Trading position (short-term; our opinion): Short positions with a stop-loss order at $54.12 and initial (!) target price at $35.72 are justified from the risk/reward perspective.
On Wednesday, crude oil lost 2.31% as the combination of a stronger greenback and another build in crude oil supplies weighed on the price. Thanks to these circumstances, light crude moved away from the key resistance lines and closed the day under $47. What’s next?
Yesterday’s ADP report showed that U.S. non-farm private employment rose by 182,000 last month, beating expectations for an increase of 180,000. Additionally, the U.S. Commerce Department said that the trade deficit declined to $40.81 billion in September also beating analysts’ forecasts.
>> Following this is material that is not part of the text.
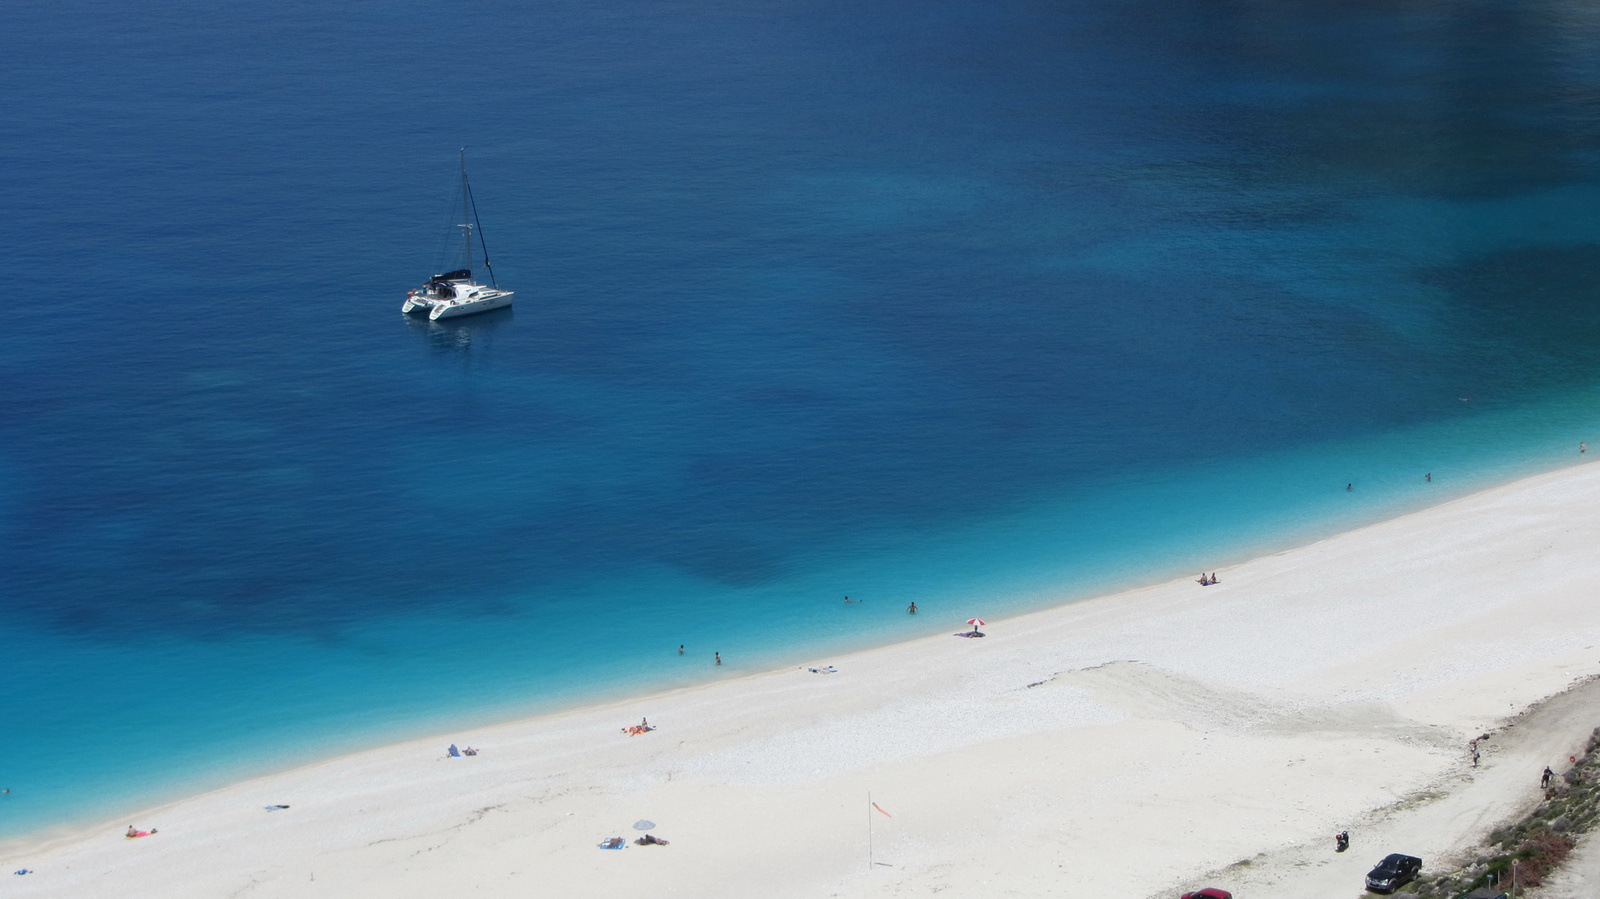 A világ 10 leghíresebb strandja közül az egyik /Myrtos beach/

On top of that the Institute of Supply Management showed that its non-manufacturing PMI rose to 59.1 last month well above forecasts of 56.5. Thanks to these bullish numbers, the U.S. dollar extended gains, making crude oil less attractive for buyers holding other currencies. Additionally, the U.S. Energy Information Administration reported that crude oil inventories increased by 2.847 million barrels in the week ended October 30, which pushed the commodity lower. As a result, light crude moved away from the key resistance lines and closed the day under $47. What’s next? Let’s find out what can we infer form charts (charts courtesy of http://stockcharts.com).
Yesterday, we wrote the following:
(…) the red declining resistance line was strong enough to stop further improvement in the previous month, which resulted in a drop to the blue support area. Taking this fact into account and combining it with the long-term picture, we believe that reversal is just around the corner.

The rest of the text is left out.